Integrating Security into DevOps

If you are thinking about implementing blockchain, some of the core principles of DevOps—specifically DevSecOps—come in handy. DevOps is built on the concept of breaking down silos within an organization and enabling each team and individual to take responsibility for the project as a whole, rather than separating tasks by role.

To implement blockchain successfully, you need a system that rewards innovation and supports teams of individuals who work together to address any issues. Integrating DevOps and security fosters stronger application security throughout the software development life cycle and helps with blockchain development efforts as well.

The shift-left philosophy and the push for automation are DevOps principles that also will serve you well with blockchain. Integrating security earlier in the life cycle—shifting left—and incorporating automated security testing and security bug tracking are essential. The blockchain network needs to be tested for performance and latency, which will vary depending on the size of the network, the expected transaction size, the consensus protocol used and the associated required latencies. It is also important to determine whether the integrity of the network and the shared blockchain ledger is maintained while testing throughput.

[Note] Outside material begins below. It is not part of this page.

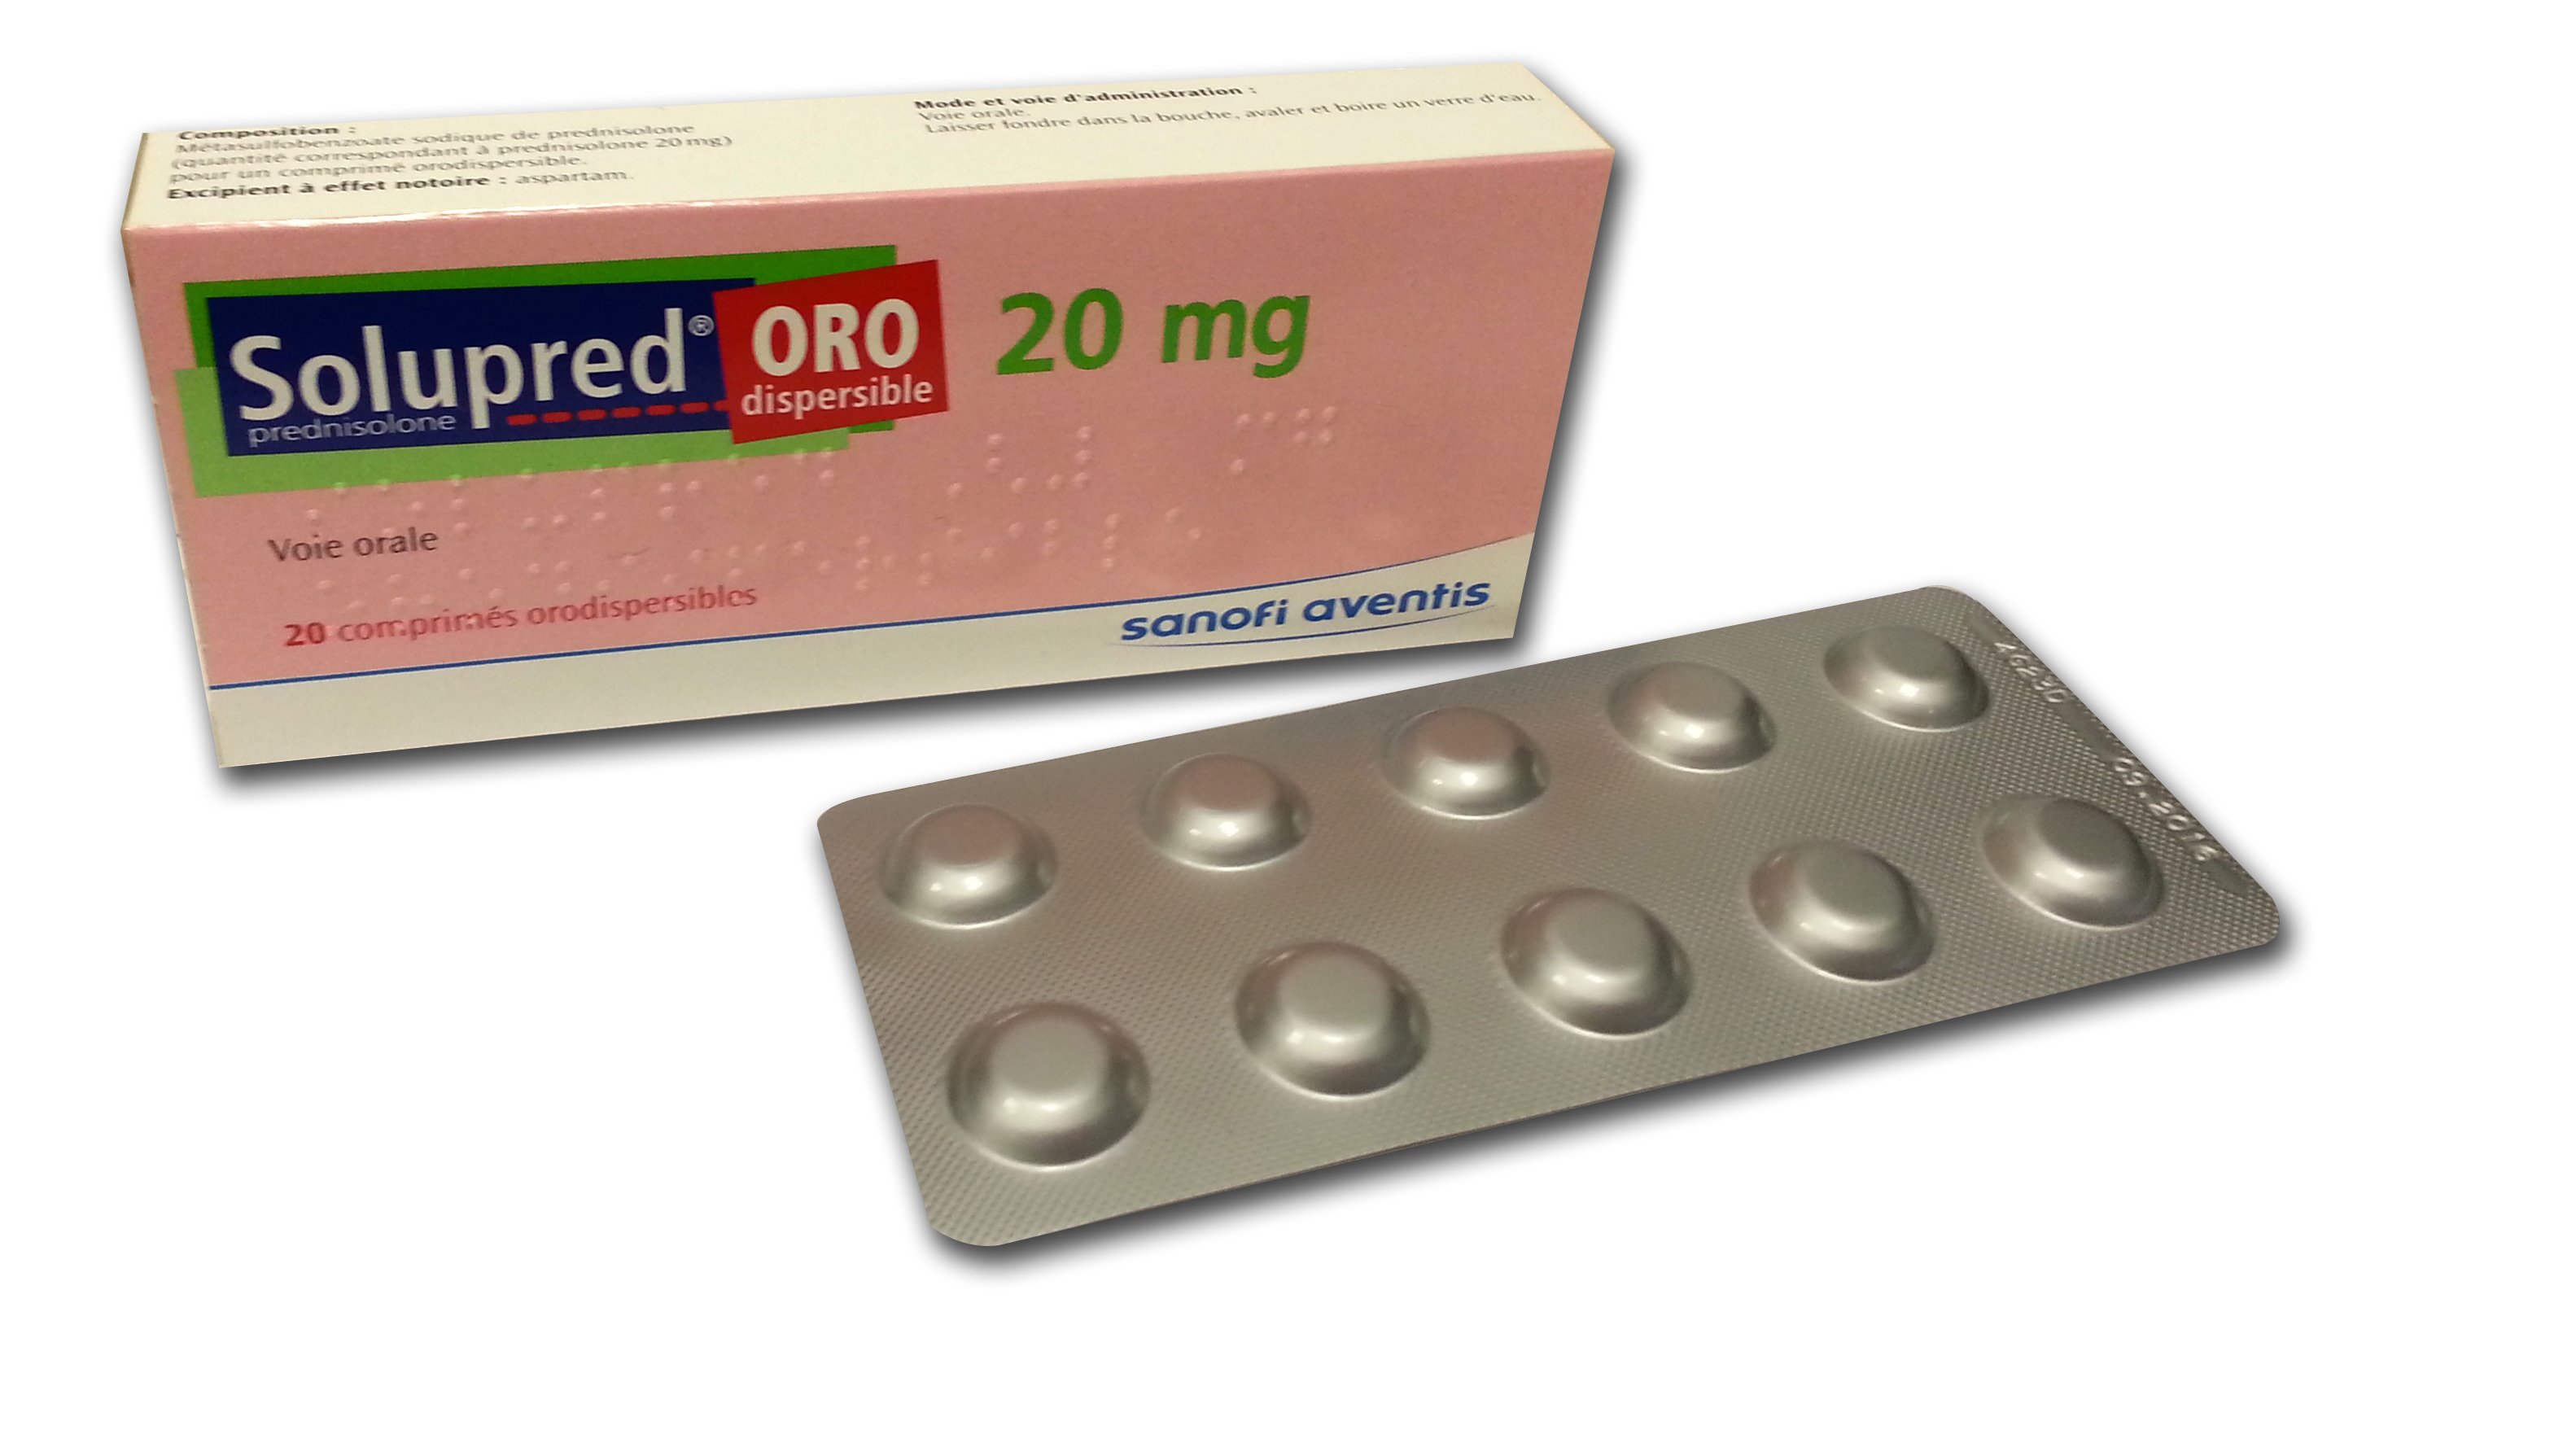 Visuel de l'emballage du médicament SOLUPRED 20 mg, Comprimé orodispersible.

To maximize efficiency and productivity, put processes in place that allow you to consistently monitor and adjust, based on feedback. Track individual and overall security vulnerabilities, the amount of time it takes to detect them, the amount of time it takes to remediate them, and other factors relevant to application security. These metrics should be visible to every individual so that each can understand and take ownership of the appropriate elements.

Blockchain and DevOps

Blockchain technology is poised to change the way business is conducted today due to its promises such as of secure, immutable, peer-to-peer decentralized trust networks with distributed consensus, shared account ledgers and smart contracts.

These same advantages, however, introduce a host of additional considerations to blockchain-based applications and make for greater testing challenges. Not only is the change in technology significant, significant changes are also necessary from a business process standpoint. While blockchain applications will have to go through standard testing and validation, including functional testing, integration testing, security testing and performance testing, they also will require additional specialized testing for smart contracts and peer/node testing.

DevOps practices can provide great value to organizations under pressure to become more customer-centric and innovation-focused. The efficiency, quality and consistency that adopting DevOps provides is exactly what is required for traditional organizations looking to embrace the leading-edge technology known as blockchain.